A parlamentar local, Vicky Foxcroft, criticou o grupo Turning Point UK por seus protestos contínuos e pediu ao primeiro-ministro que condenasse o ódio e a divisão que eles estimulam. Rishi Sunak, em resposta, disse no Parlamento que todos merecem respeito e que “as pessoas devem ter permissão para se reunir livremente dentro dos limites da lei”.

Enquanto isso, o conselho propôs uma ordem de proteção do espaço público em todo o bairro de Lewisham, o que pode dificultar ainda mais a reunião de grupos nas ruas. Os oficiais afirmam que os novos poderes ajudarão a combater o comportamento antissocial, emitindo multas de £100 no local para bebedores de rua e avisos de penalidade fixa para “discurso ou música amplificada em espaço aberto”, juntamente com “acampamentos ilegais”. Críticos como Dhillon, no entanto, alertam que, na realidade, isso ajudará a criminalizar as comunidades ciganas, roma e viajantes, os sem-teto e os manifestantes pacíficos.

“Temos que ter cuidado para não excepcionalizar o exercício dos poderes da polícia em situações de protesto quando as comunidades negras, pardas e da classe trabalhadora enfrentam essas violências diariamente”, disse Dhillon.

Griff Ferris, que também participou do contraprotesto e testemunhou a prisão de Dhillon, disse que a comunidade esteve com ele em cada etapa do processo: “A galeria pública do tribunal estava repleta de apoiadores de Amar”.

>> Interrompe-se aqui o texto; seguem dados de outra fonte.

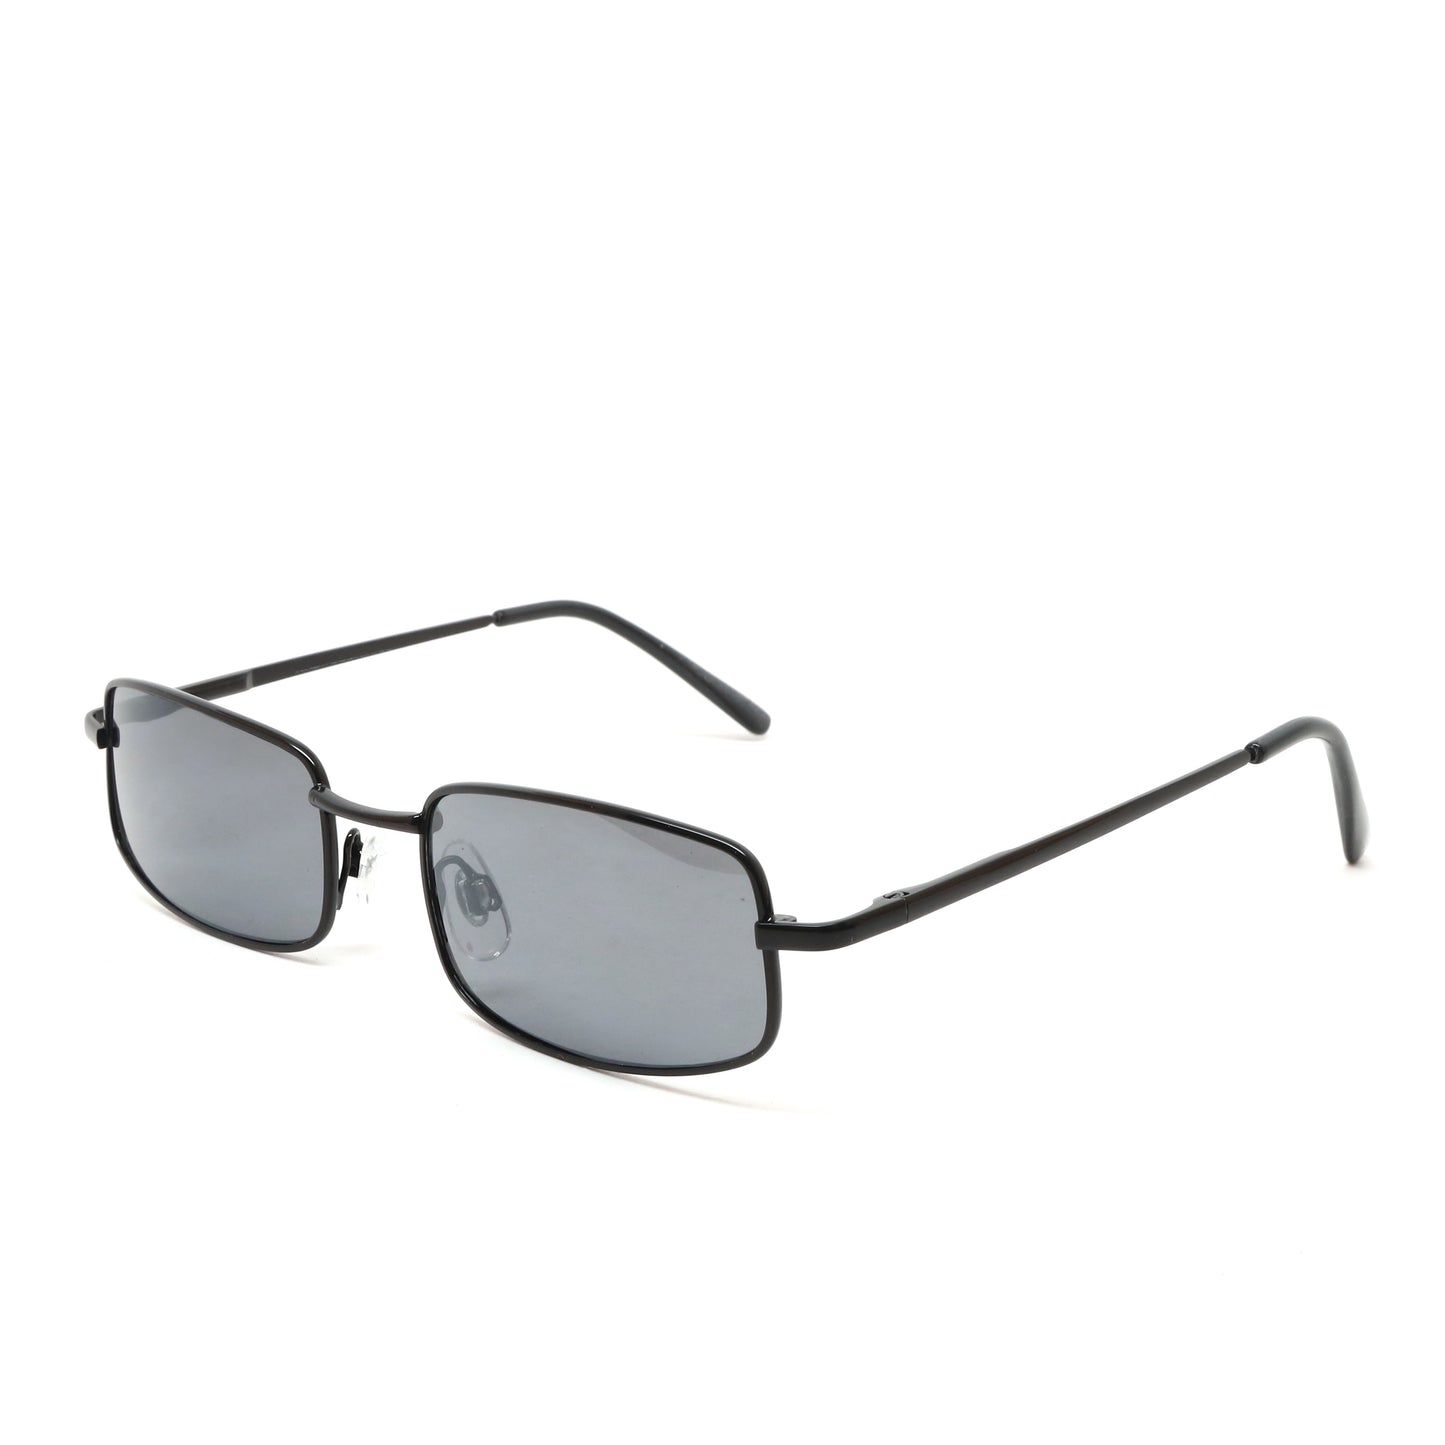 Deadstock Vintage Industrial Wire Rectangle Sunglasses - Grey
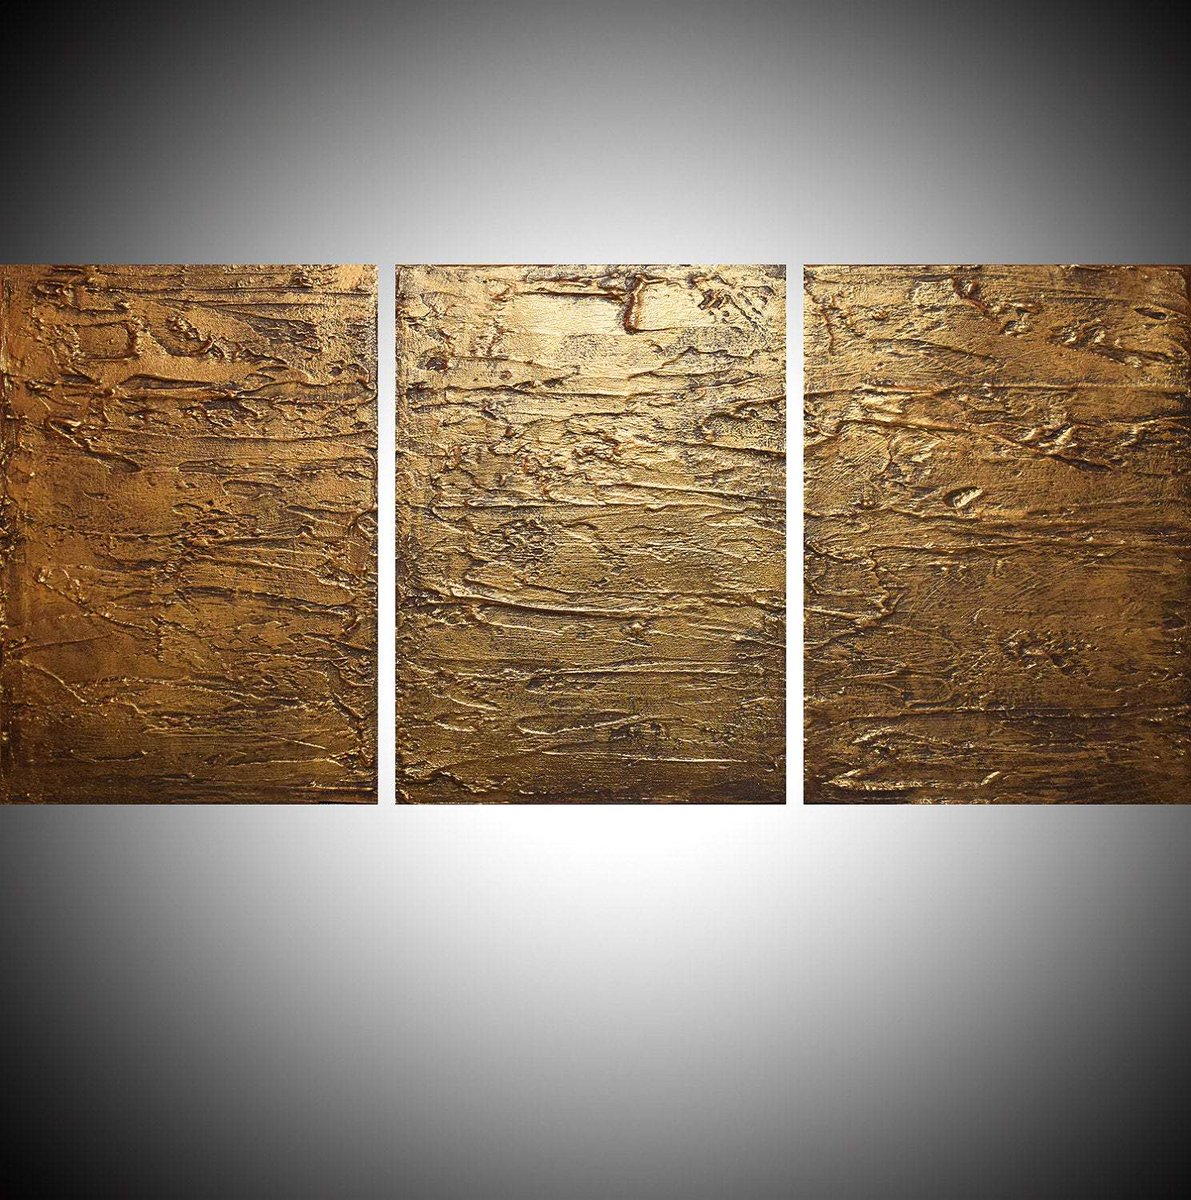 oversized metal wall art canvas triptych  ' Gold Triptych ' beautiful and elegant tuppu.net/fc06fa59 #painting #original #BrownPainting

Ferris disse que “moradores locais como Dhillon têm sido essenciais para galvanizar o apoio antifascista e impedir que a extrema direita chegue perto de seu alvo”, acrescentando: “A prisão e a acusação de uma pessoa de cor queer por celebrar a proteção de sua comunidade mostra a facilidade com que essas novas leis de protesto serão usadas para suprimir até mesmo a menor dissidência.

“As ações do Estado aqui mostram sua cumplicidade com a homofobia e transfobia violentas da extrema direita em protestos abertamente anti-LGBTQ+.”

O Met confirmou que uma segunda pessoa, Jamie Turvey, havia sido acusada de “usar palavras para causar assédio, alarme ou angústia (contrariando a Seção 5 da Lei de Ordem Pública)” em conexão com os eventos de 24 de junho.

Duas outras pessoas presas por suspeita de agressão foram liberadas sob fiança, acrescentou a força.